Gotistobart shows early survival advantage over docetaxel in pretreated squamous NSCLC
Early results from stage I of the phase 3 PRESERVE-003 trial showed gotistobart improved overall survival versus docetaxel in previously treated metastatic squamous NSCLC. Objective response rate and duration of response also favored gotistobart, while progression-free survival did not differ significantly.

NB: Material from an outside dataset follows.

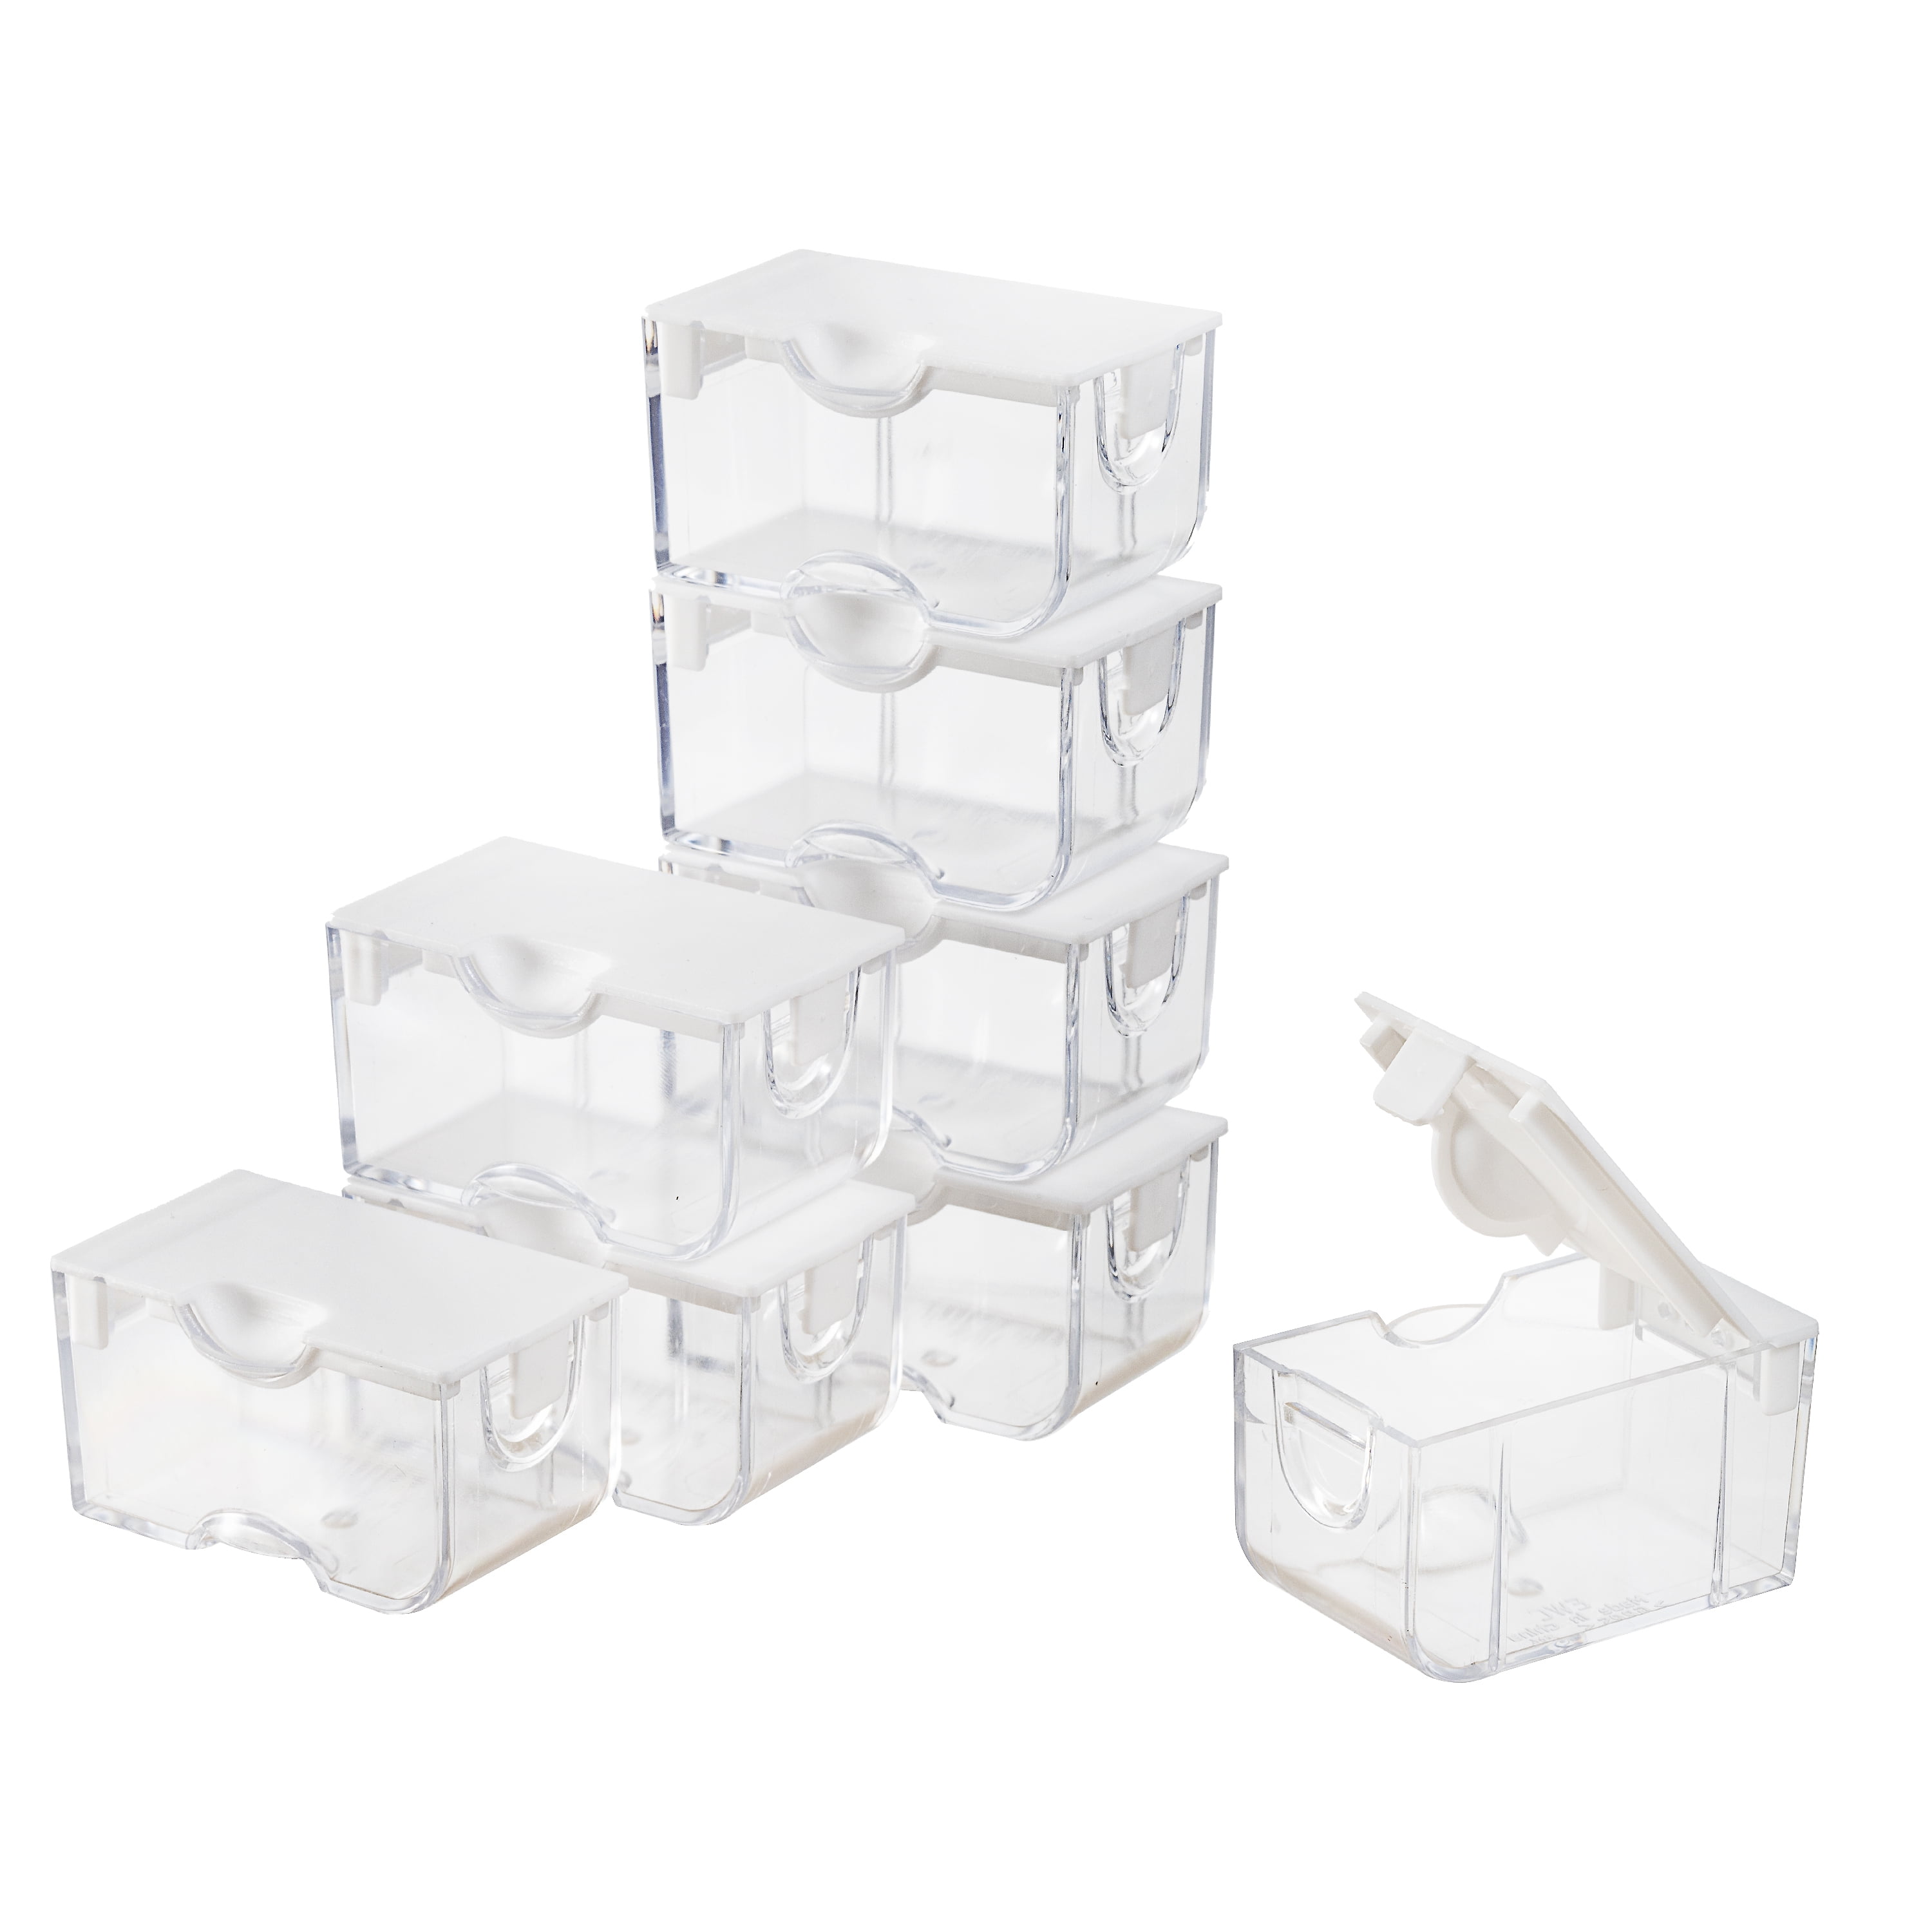  Bead Storage Solutions Elizabeth Ward 5 Piece Craft Organizing  Storage Containers for Small Beads, Crystals, and Fasteners, Clear (3 Pack)  : Arts, Crafts & Sewing

Gotistobart showed early survival results from the first stage of the phase 3 PRESERVE-003 trial as a chemotherapy-free treatment for certain patients with non-small cell lung cancer. In patients with metastatic squamous disease previously treated with a PD-L1 inhibitor or PD-1 inhibitor and platinum-based chemotherapy, overall survival had not been reached with gotistobart monotherapy compared with 9.95 months with docetaxel-based chemotherapy after a median follow-up of 14.5 months.
The trial enrolled patients aged 18 years or older with stage III-IV metastatic disease. In stage I, patients with metastatic squamous disease in the per-protocol analysis were randomly assigned to gotistobart (n = 45) or docetaxel (n = 42). Those randomly assigned to gotistobart received 6 mg/kg every 3 weeks with two loading doses of 10 mg/kg every 3 weeks, while those on docetaxel received 75 mg/m2 every 3 weeks.
Overall survival was the primary endpoint. In patients with metastatic squamous disease, overall survival had not been reached with gotistobart monotherapy (95% CI, 9.3 to not estimable) compared with 9.95 months (95% CI, 6.8-11.93) with docetaxel-based chemotherapy (hazard ratio 0.46; 95% CI, 0.25-0.84; P = .01 [nominal]).
Secondary endpoints also favored gotistobart. Patients treated with gotistobart had a higher objective response rate and a longer median duration of response than those receiving docetaxel, at 20% versus 4.8% and 11.0 versus 3.8 months, respectively. Progression-free survival did not differ significantly between groups, with median progression-free survival of 2.4 months (95% CI, 2.1-4.5) for gotistobart and 2.6 months (95% CI, 2.1-3.9) for docetaxel (hazard ratio 0.69; 95% CI, 0.42-1.13).
All patients had previously received a PD-L1 inhibitor or PD-1 inhibitor and platinum-based chemotherapy, with prior dual immunotherapy treatment allowed. About 7% of trial participants had previously received a different anti-CTLA-4 treatment. The groups were roughly comparable in terms of age and mostly male. Overall, 71% of patients were Asian and roughly 25% were White. Liver and brain metastases were more common at baseline among patients receiving gotistobart than among those receiving docetaxel.
Gotistobart is a pH-sensitive CTLA-4 antibody that depletes regulatory T cells in the acidic tumor microenvironment. In terms of safety, grade 3 or greater adverse events occurred in 42.2% and 48.3% of patients receiving gotistobart and docetaxel, respectively, while serious adverse events occurred in 42.2% versus 29.3%. There were two deaths in the gotistobart arm, though these were not considered treatment-related, and there were no unexpected toxicities in either group. The most commonly reported adverse events were gastrointestinal, hepatic lab abnormalities, and infusion-related reactions.
Data for patients with non-squamous NSCLC in stage I were not presented. The study was sponsored by OncoC4, and BioNTech SE conducted and collaborated on the study.